SYCL in nuce -- Overview

on under sycl
3 minute read

This chapter will provide a high-level view of SYCL and the problems it is meant to solve. After that we will look at the steps required for the offloading of a basic SAXPY operation. The chapter ends by covering the structure of the SYCL API.

Overview

Origins

What it takes to offload a SAXPY operation

Step 1 - Device selection and queue creation

Step 2 - Device memory allocation

Step 3 - Kernel execution

Step 4 - Synchronization

Summary

API concepts

Coding conventions

At the moment SYCL is only available for the C++ programming language. There are no bindings for C, Fortran or any other language as far as I know.

All of SYCL’s functionality is defined inside the sycl.hpp header which is supplied along your vendor’s SYCL compiler. We will cover the installation of this environment in the next chapter.

SYCL’s classes, constants, types and functions reside inside the cl::sycl namespace. Vendor-specific extensions are defined inside cl::sycl::<vendor_name>.

Object creation usually relies on a lot of enum classes in conjunction with template parameters. In general, object creation follows this pattern:

auto sycl_object = cl::sycl::sycl_class<int,             // a data type
                                        1,               // dimensionality of the object
                                        cl::sycl::config // a SYCL type or enum class value
                                        >{
                        cl::sycl::range<1> // usually the same dimensionality as above
                        {42}               // the object's size
                    };

Reference semantics

One important difference to ordinary C++ are SYCL’s reference semantics, especially when copying SYCL objects on the host side. The specification states in section 4.3.2:

Each of the following SYCL runtime classes: device, context, queue, program, kernel, event, buffer, image, sampler, accessor and stream must obey the following statements, where T is the runtime class type: […] Any instance of T that is constructed as a copy of another instance, via either the copy constructor or copy assignment operator, must behave as-if it were the original instance and as-if any action performed on it were also performed on the original instance and if said instance is not a host object must represent and continue to represent the same underlying OpenCL objects as the original instance where applicable.

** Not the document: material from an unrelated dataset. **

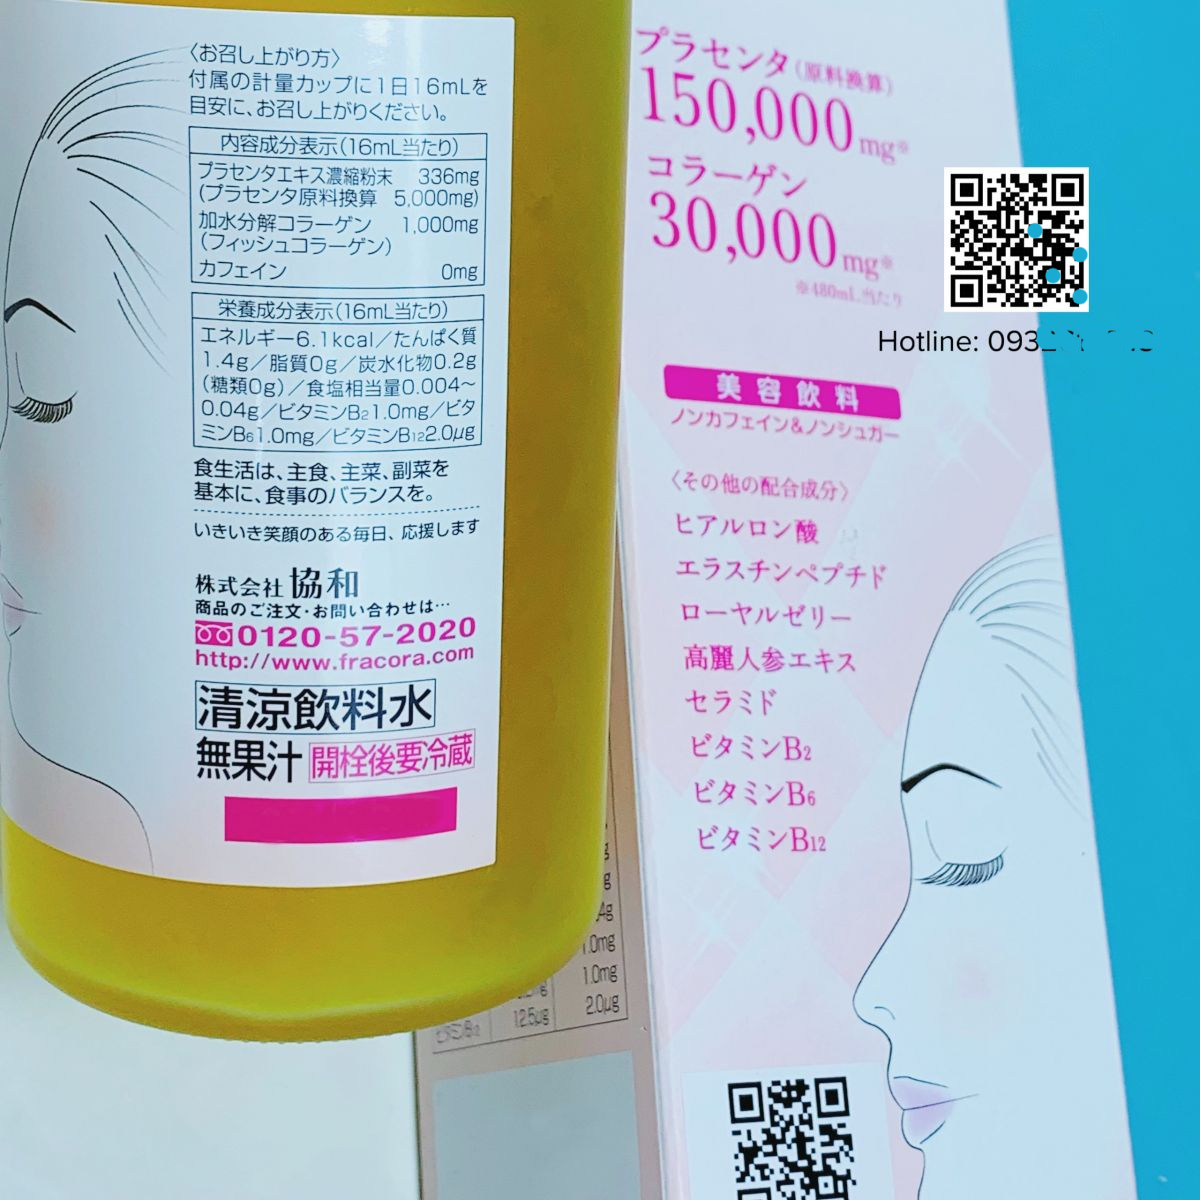 Nước Uống Đẹp Da Fracora Placenta 150000mg Collagen 30000mg Từ Nhật Bản (480ml)

Note that this also refers to memory buffers and images! This means that a copy performed by assignment only creates a reference to the very same memory, it does not allocate new memory or copies any of the existing device memory. This is different from the assignment operations we know from standard C++ where an assignment would create (for example) a new vector and then perform a copy of the old vector’s contents.

Exception handling

SYCL’s method of error handling are exceptions. While these are similar to the exceptions known from the C++ STL they do not inherit from any of the STL’s predefined classes. Instead, SYCL defines a base exception class from which multiple other exception types inherit.

By default SYCL will only (visibly) throw exceptions that occur on the host side, i.e. during program control flow. Exceptions that are raised on the device side (inside the kernel) will be thrown asynchronously with regard to the host program. The programmer needs to set up an asynchronous exception handling mechanism if he wants to catch these errors (we will cover this in a later chapter).

Profiling

Sooner or later you will want to profile your device kernels. For basic timing-based profiling you can use SYCL’s built-in functionality: just pass the enable_profiling property to the queue during the latter’s construction and you can query the events returned by the queue for profiling information. We will cover this with more detail in one of the following chapters.